In his bloghttp://www.michael-noll.com/tutorials/running-hadoop-on-ubuntu-linux-single-node-cluster/ - Michael got three eBooks as the input. I have gone bit far in terms of the overall load. I have simply downloaded around 2500+ eBooks in Plain-text format and ran wordcount against it.
I have also choosen the same source to get the eBooks via this command:
wget -H -w 2 -m http://www.gutenberg.org/robot/harvest?filetypes[]=txt&langs[]=en --referer="http://www.google.com" --user-agent="Mozilla/5.0 (Windows; U; Windows NT 5.1; en-US; rv:1.8.1.6) Gecko/20070725 Firefox/2.0.0.6" --header="Accept: text/xml,application/xml,application/xhtml+xml,text/html;q=0.9,text/plain;q=0.8,image/png,*/*;q=0.5" --header="Accept-Language: en-us,en;q=0.5" --header="Accept-Encoding: gzip,deflate" --header="Accept-Charset: ISO-8859-1,utf-8;q=0.7,*;q=0.7" --header="Keep-Alive: 300"
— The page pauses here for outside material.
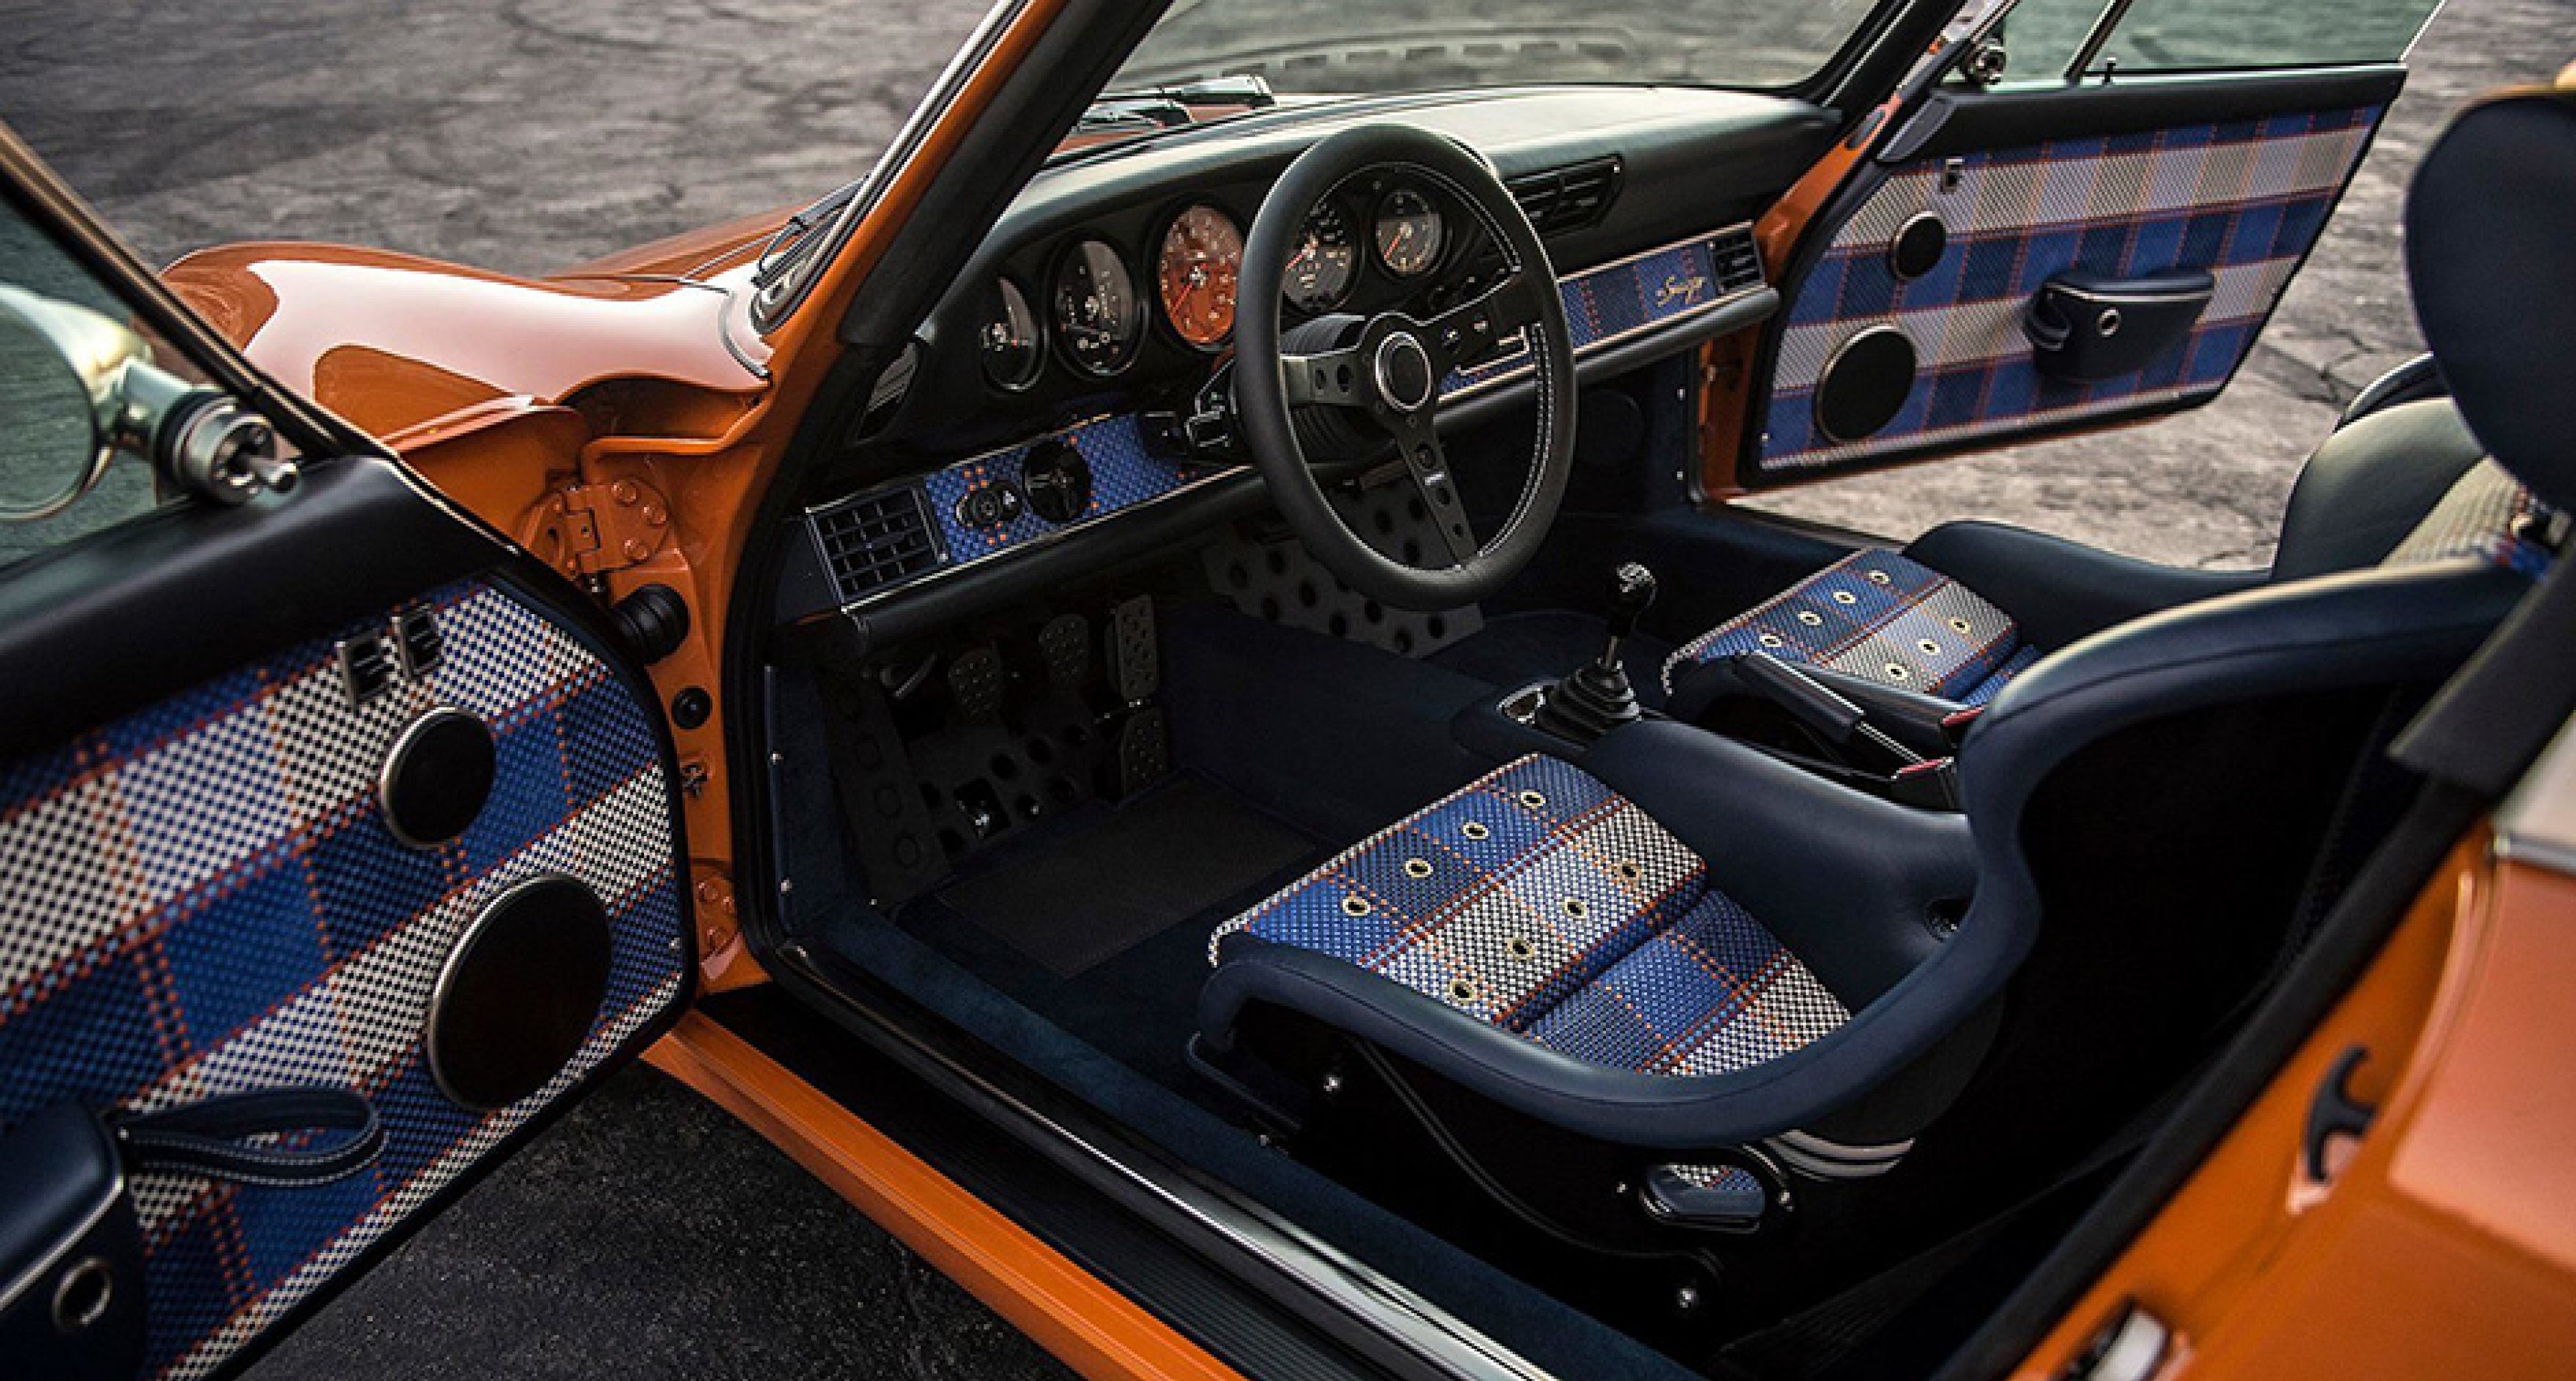 Singer’s latest restomod 911 has the wildest interior you’ve ever seen

You can use a variant of it(wget -w 2 -m -H "http://www.gutenberg.org/robot/harvest?filetypes[]=html&langs[]=en") - in case it is not working.

Now you can perform the following commands(from /usr/local/hadoop/ directory):
1) bin/hadoop dfs -copyFromLocal /tmp/ebooks /user/hduser/ebooks
The above  one will bring the plain text eBooks from local filesystem into HDFS for mapreduce consumption/processing.
2) Please use the following commands to verify whether the above command worked fine or not?
bin/hadoop dfs -ls /user/hduser
bin/hadoop dfs -ls /user/hduser/ebooks
3) bin/hadoop jar hadoop-examples-1.2.1.jar wordcount /user/hduser/ebooks /user/hduser/ebooks-out
This will execute the OOTB wordcount mapreduce program for around 2500+ plain text eBooks.
4) Once the mapreduce has been successfully completed, please verify the output by issuing the following commands:
bin/hadoop dfs -ls /user/hduser/ebooks-out
bin/hadoop dfs -cat /user/hduser/ebooks-out/part-r-00000

5) If you want to run it again, please use a command like this:
bin/hadoop jar hadoop-examples-1.2.1.jar wordcount /user/hduser/ebooks /user/hduser/ebooks-out1
Use a different output otherwise it won't run.
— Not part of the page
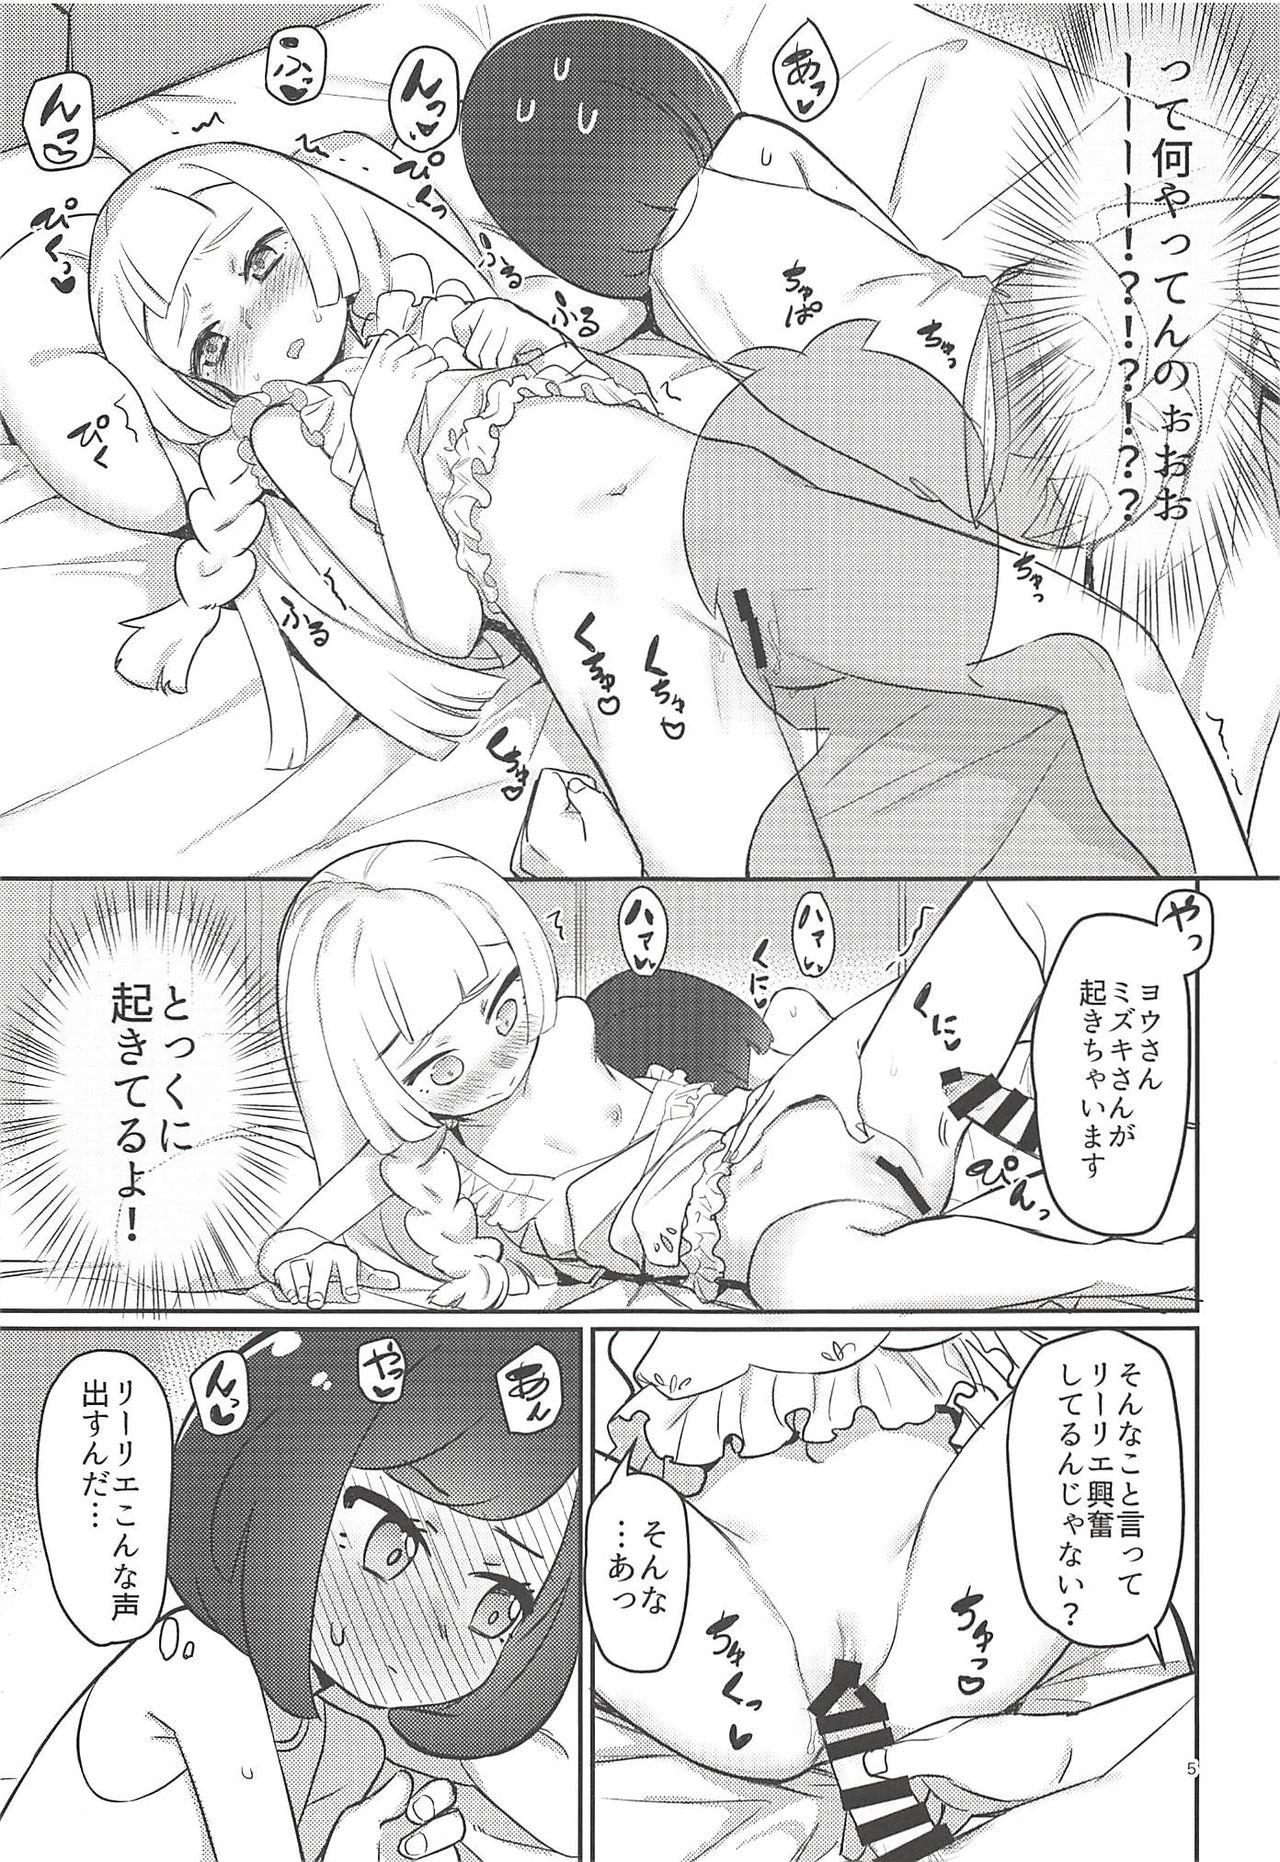 From Oshiete Lillie - Pokemon Squirt - Page 4

6) Best way to learn hadoop is to view the logs and using the following web interfaces when the map reduce program is executing(that's the number one reason I took such a big sample input);
Here are some sample screen shots:





Other alternatives - Cloudera QuickStart VM

Cloudera has provided quick start VMs for getting started with Apache Hadoop. You need to install VM Player and then install one of the images that works fine for your needs.
Pros:
  • No setup needed - you can get going within 30 minutes
  • It has everything - no need to get individual packages
  • Somewhat more stable
Cons:
  • I had issues with not able to increase the size of my VM RAM from 1 GB to anything higher so i moved to Ubuntu Linux where i have the VM RAM equal to 4GB.
  • Once VM player is running - your overall system is slow. Even VM is also slower to access.
  • Can't copy/paste the commands that easily from your host system to VM and vice versa.
Here is the screenshot of how the VM looks like after getting installed on Ubuntu Linux.



Horton Works has also provided their VM/Sandbox kind of environment to play with.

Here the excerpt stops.